= Angela Care Evans =

British archaeologist

Angela Care Evans, , is an archaeologist and former Curator in the department of Britain, Europe, and Prehistory at the British Museum. She has published extensively on the Sutton Hoo Mound 1 artefacts and early medieval metalwork.

== Expertise ==
Care Evans is an expert in early medieval English archaeology and material culture, especially the Sutton Hoo burial, metalwork including brooches and horse harnesses, and shipbuilding.

In 1983 she co-authored with Rupert Bruce Mitford volume three of the British Museum's guides to the Sutton Hoo excavations and artefacts.

In 1986 she published the second edition of The Sutton Hoo Ship Burial, the mass-market publication by the British Museum about the Sutton Hoo artefacts, which condensed the four volumes by Bruce Mitford, and later Bruce Mitford and Care Evans, into a single book suitable for general interest. Another edition was issued in 1994. Care Evans is careful in the book to discuss arguments for and against Rædwald as the person buried in Mound 1 at Sutton Hoo, and she proposes that the artefacts are treated as 'art' rather than 'regalia', as the notion of royalty in early medieval England does not exactly align with modern royalty.

In her 1999 article "In Debt to the Amateurs", Care Evans discussed how the photographs of Sutton Hoo taken in 1939 by Mercie Lack ARPS and Barbara Wagstaff ARPS have importantly shaped the reception and understanding of the archaeological site: with the images of the 'ghost ship' acquired by the Woodbridge, Ipswich and British Museum, and entering into the visual culture of early medieval historiography.

In 2005 she co-authored Sutton Hoo: A Seventh-century Princely Burial Ground and Its Context with archaeologist Martin Carver for the British Museum Press. Care Evans specifically wrote about the Mound 1 bridle with gilt bronze plaques and interlace ornamentation. In October 2008 she and Carver hosted the Sutton Hoo Society's annual conference 'Arts and Crafts in the Mead Hall'.

She has appeared in ITV, Channel 4, and BBC television programmes as a specialist on the Sutton Hoo ship burial, including Time Team (2002) and Masterpieces of the British Museum (2006).

Care Evans continues to give lectures and seminars on early medieval topics.

== Selected publications ==
- Bruce-Mitford, Rupert, and Angela Care Evans (1983) The Sutton Hoo ship-burial, Vol. 3 (London: British Museum publications).
- Evans, Angela Care (1986). The Sutton Hoo Ship Burial.
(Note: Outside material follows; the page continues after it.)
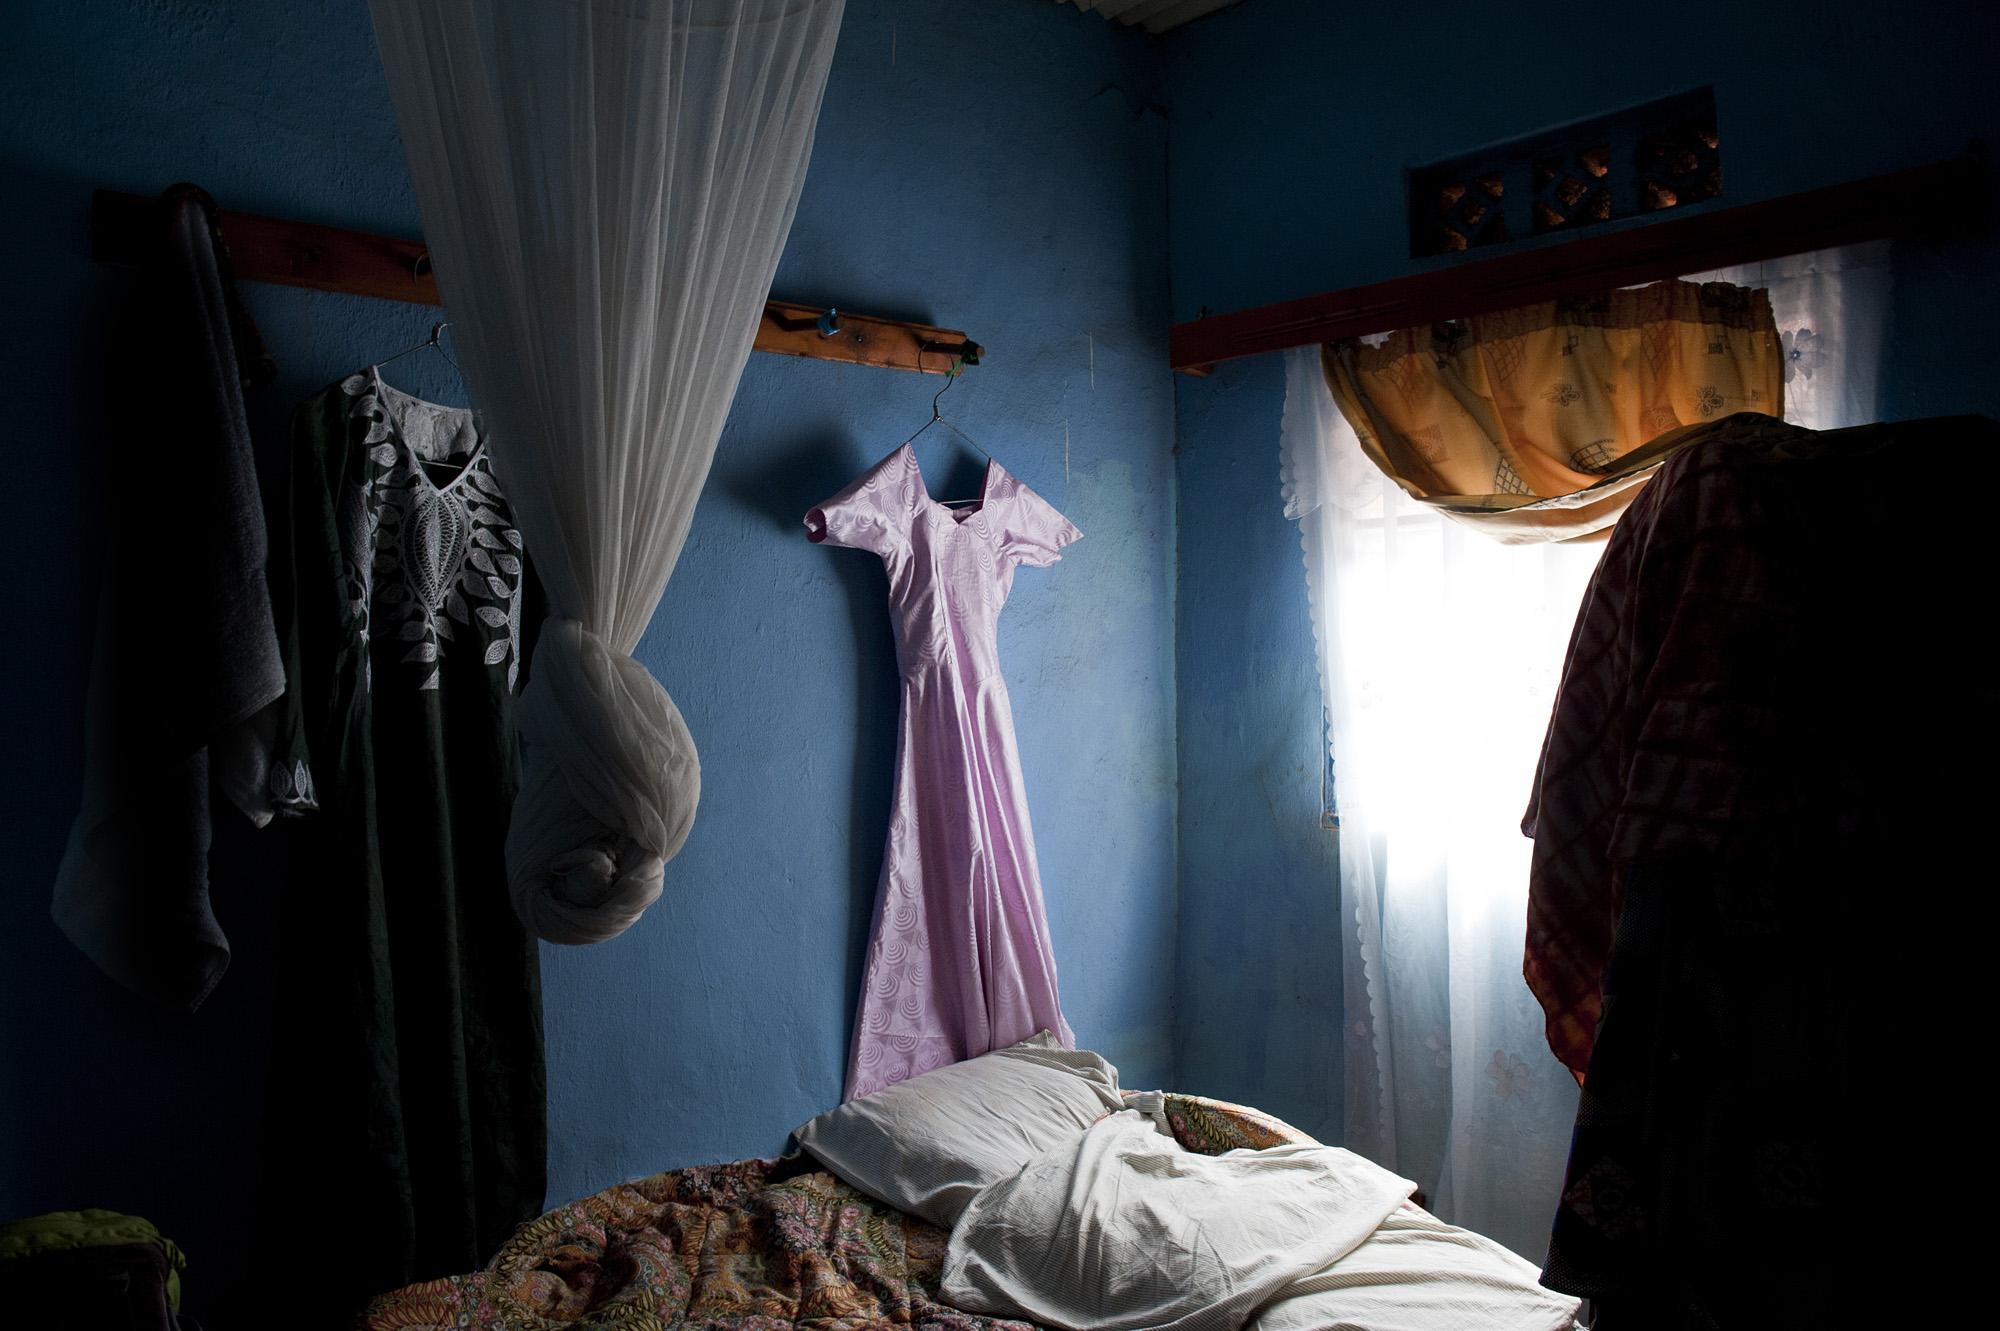 Godelieve's pink dress
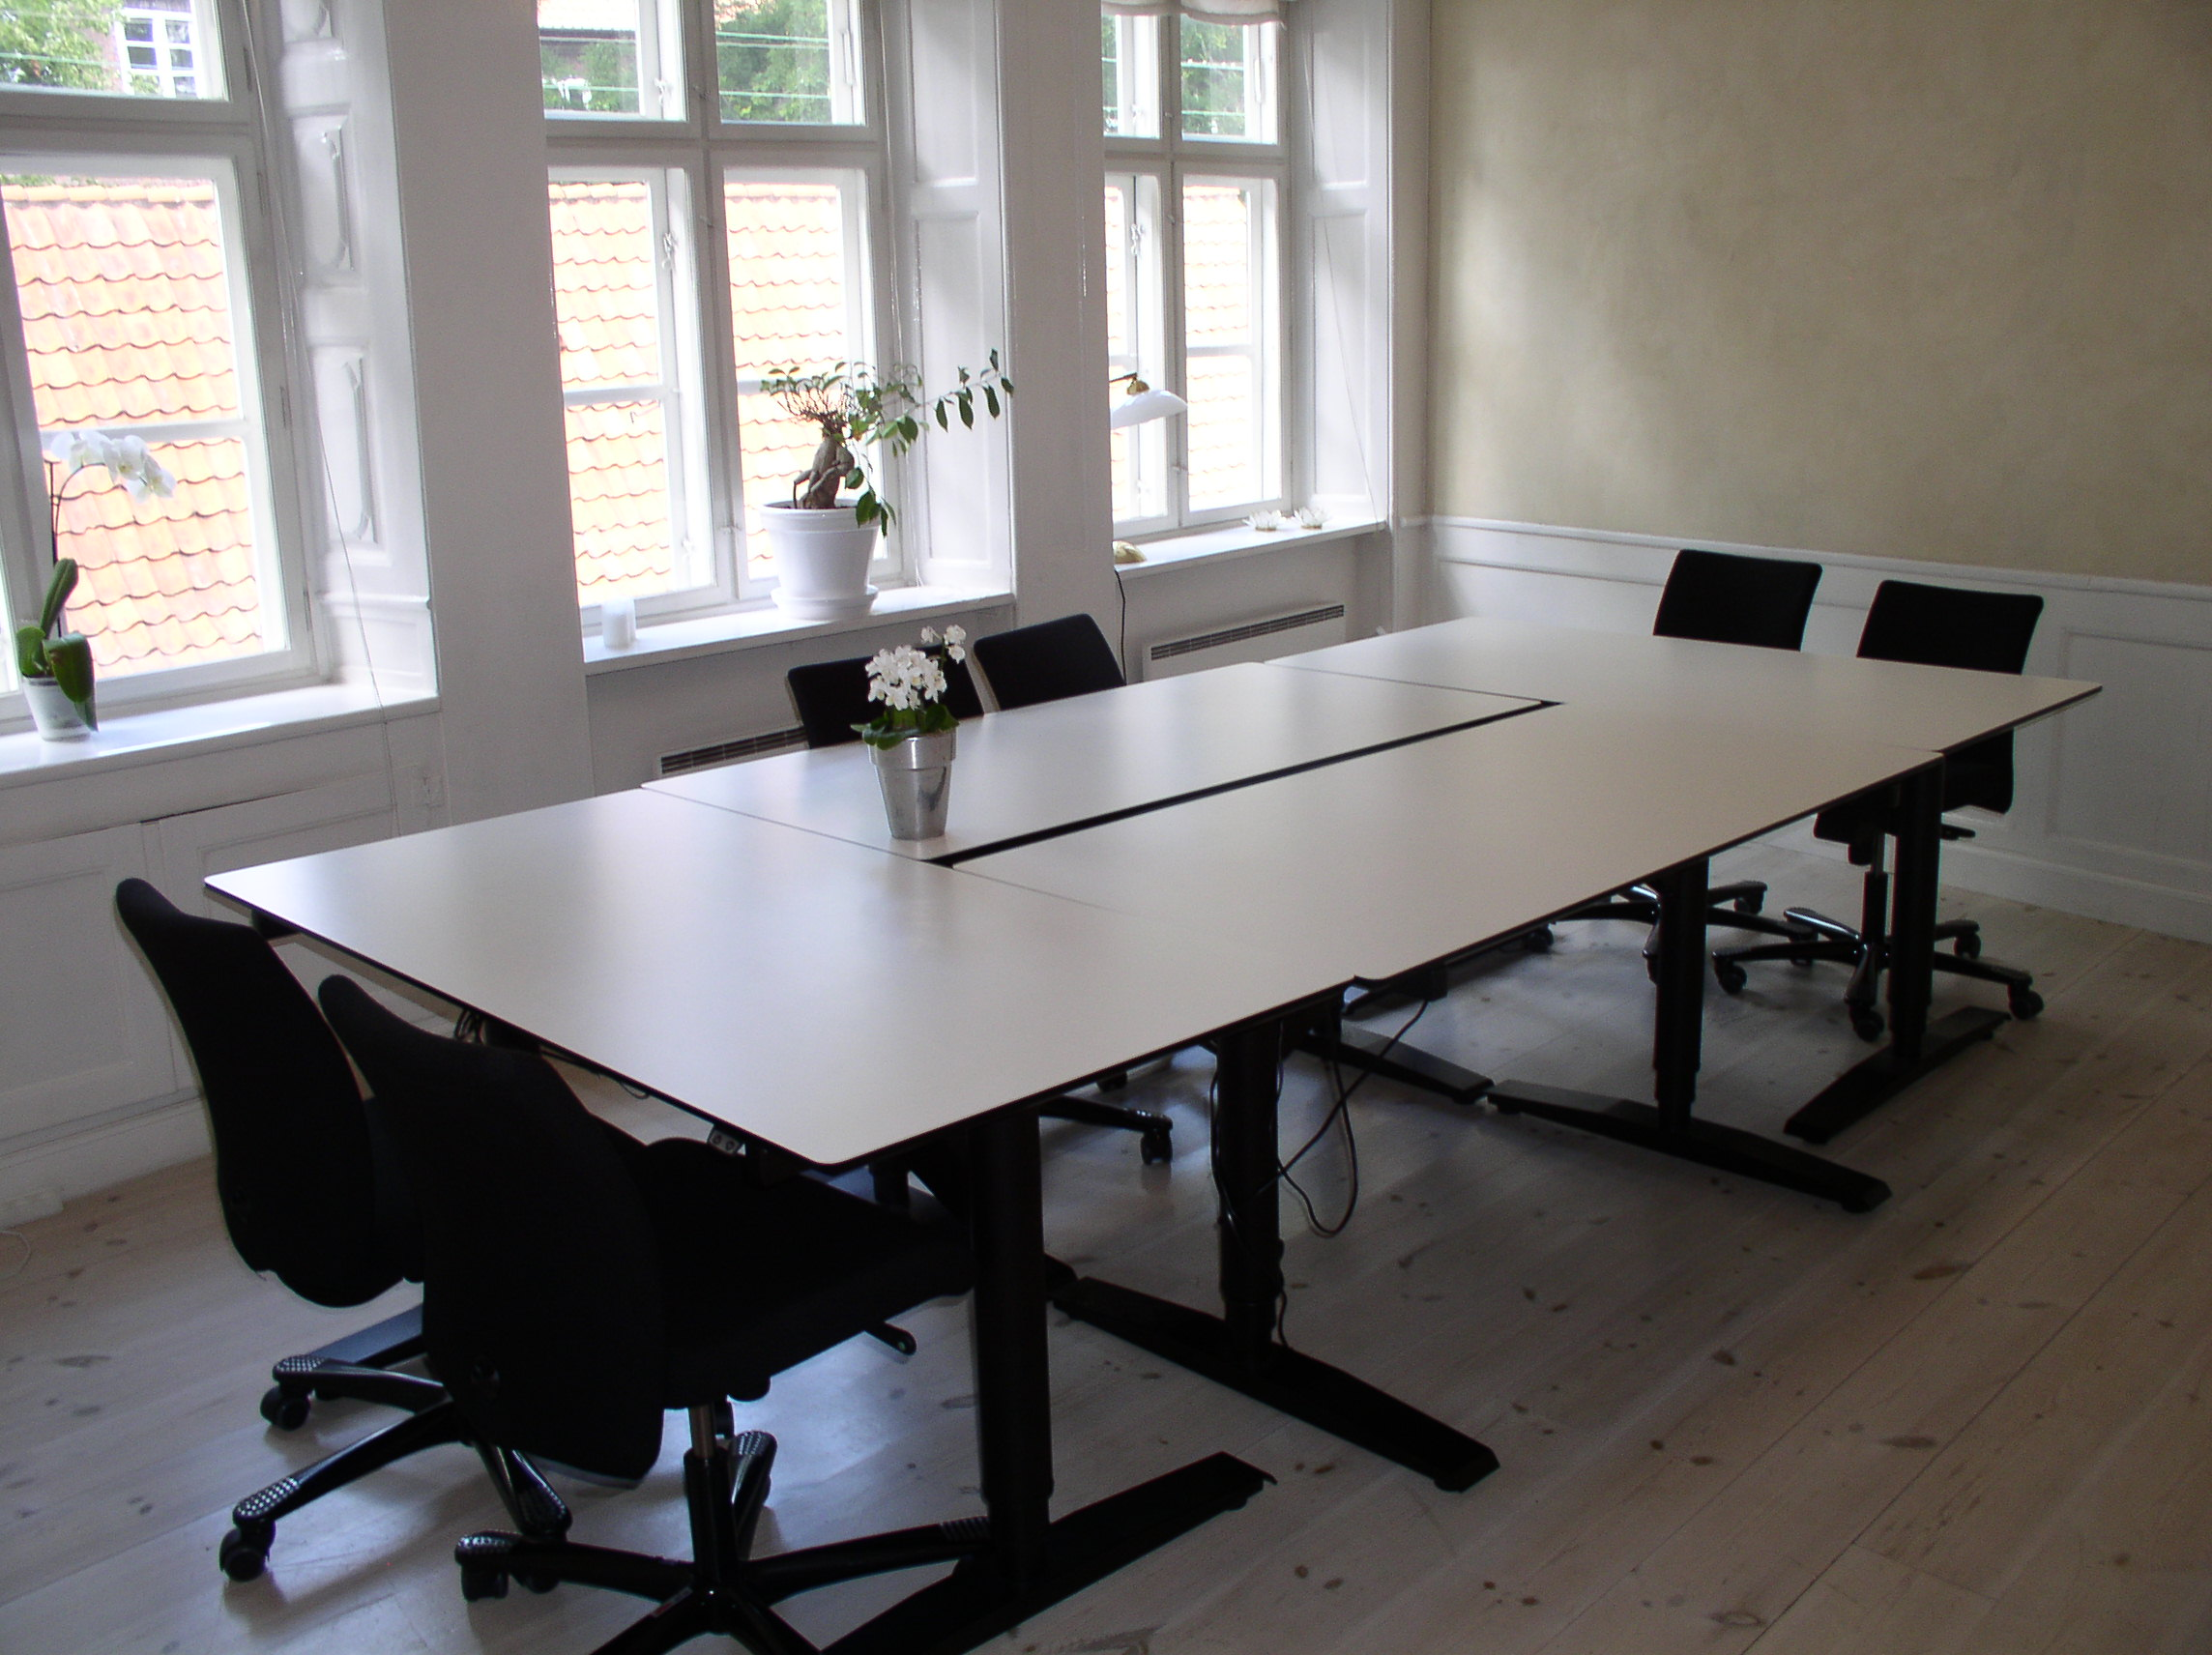 Mødelokale Kbh K 2-20 personer - Amino.dk

London: British Museum Publications. ISBN 978-0-7141-0544-4.
- Evans, Angela Care (1999). "In Debt to the Amateurs: the photographs of Miss Lack ARPS and Miss Wagstaff ARPS", Saxon, Sutton Hoo Society publications.
- Evans, Angela Care (2001). "Sutton Hoo and Snape, Vendel and Valsgärde". In Hultén, Pontus & von Plessen, Marie-Louise (eds.). The true story of the Vandals. Museum Vandalorum Publications. 1. Värnamo: Museum Vandalorum. pp. 48–64. ISSN 1650-5549.
- Evans, Angela Care (2002). "The Sutton Hoo Visitor Centre"
- M. O. H. Carver and Angela Care Evans, Sutton Hoo: A Seventh-century Princely Burial Ground and Its Context (London: British Museum publications, 2005)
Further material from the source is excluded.